Additionally, the APIs needed to fuel a native dbt development experience were finally out in the wild.
All of these factors culminated in an exciting product update: As of November 2022, dbt Core v1.3 includes support for Python models.
This is great news! Plenty of analytics engineers and other data people know SQL. Some know Python, especially on the data engineering and data science side. Some folks also know R… but we won’t talk about that right now, even though it’s pretty cool.
But, as with all exciting changes, questions inevitably arise. Namely, “When should I use SQL for data transformations? When does it make more sense to use Python?”
Here’s a cheat sheet you can use to make the right call.
SQL: It’s all about speed and simplicity
In general, it’s best to use SQL when…
You need to run simple queries, fast.
SQL’s beauty lies in its simplicity. Compared to Python, SQL is a much simpler language. It’s also exclusively used for data. That means it’s easier to learn, and it provides the quickest, most efficient means of performing simple data analyses.

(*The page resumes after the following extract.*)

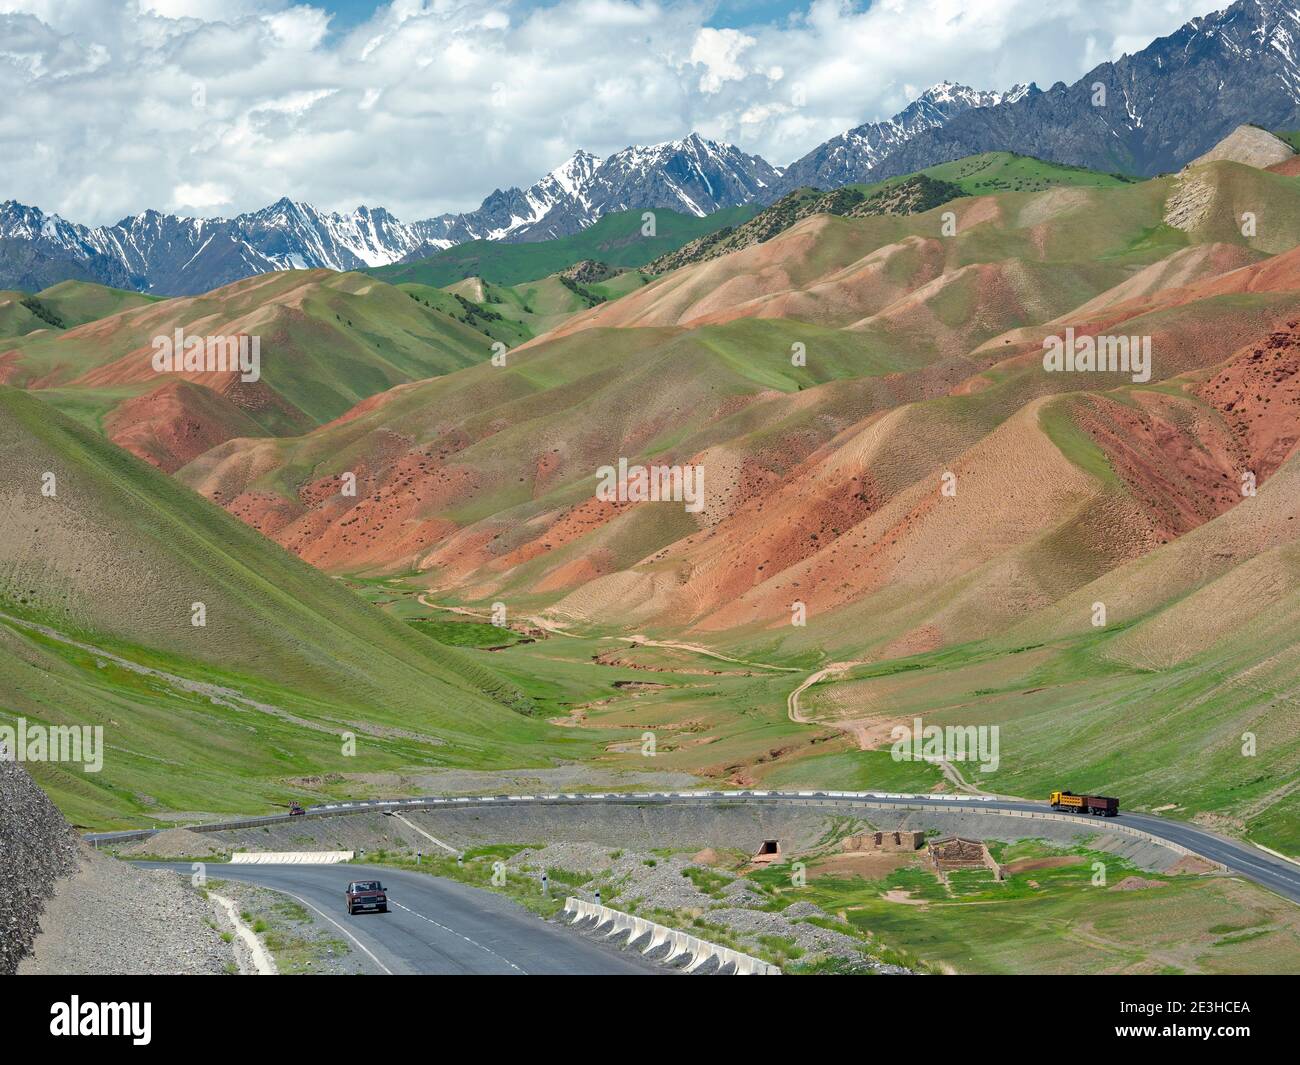 Landscape along the  Pamir Highway. The mountain range Tian Shan or Heavenly Mountains. Asia, Central Asia, Kyrgyzstan Stock Photo

You need to retrieve, update, or insert data from a database or data warehouse.
Because SQL is a data-first language, it’s designed to communicate with databases and is the best option for accessing, modifying, and managing your data warehouse.
You need to perform simple join and aggregate operations.
The “simplicity” theme returns when we’re talking about uncomplicated join and aggregate operations. Since SQL runs directly on the database, using it for these types of jobs means that SQL typically provides a faster and easier way to develop a query to perform simple analyses.
These analyses could include things like:
- Selecting and filtering tables
- Joining multiple tables into a single output
- Performing aggregations over large numbers of rows
Plus, data warehouses, such as Snowflake, are designed to perform these operations very efficiently and can process huge data volumes with ease.
You need to perform multi step transformation jobs.
Tools like dbt make it easy to use SQL to create staging and intermediate tables as part of a transformation process.
SQL cons: Powerful, but with limitations for more advanced use cases
Of course, no coding language is perfect, and there are some cons to SQL that are worth noting.
SQL isn’t as flexible.
SQL queries almost exclusively rely on combinations of joins, aggregate functions, subqueries, and window functions. This is great for non-complex analyses, More complex use cases, such as data science, tend to be a better fit for Python.
A lack of libraries and packages = limited functions and operations.
Since there isn’t a SQL package manager that allows users to import functions, you’ll have to write your SQL queries from scratch.
SQL can be difficult to debug.
This is another key area in the SQL vs. Python debate where the developer experience isn’t quite as robust. Debugging SQL code is more difficult because there’s no option to set up a breakpoint to halt execution – with SQL, you have to execute a complete statement all at once.
You could use CTEs (common table expressions) and split your dbt models into several files, which makes debugging intermediate models a lot easier. But, this isn’t as powerful (or straightforward) as setting a breakpoint in your code.
SQL syntax can differ between databases.
While the basic structure of your SQL queries will always be the same (all databases support SELECT , FROM , and GROUP BY) differences in syntax do exist among databases.
For example, both MySQL and PostgreSQL databases support stored procedures. However, MySQL only supports standard SQL syntaxes, whereas PostgreSQL supports more advanced procedures.
The cross-database macros in dbt_utils can help resolve this, but it’s still a challenge worth noting.
Data analysts and analytics engineers know and love SQL.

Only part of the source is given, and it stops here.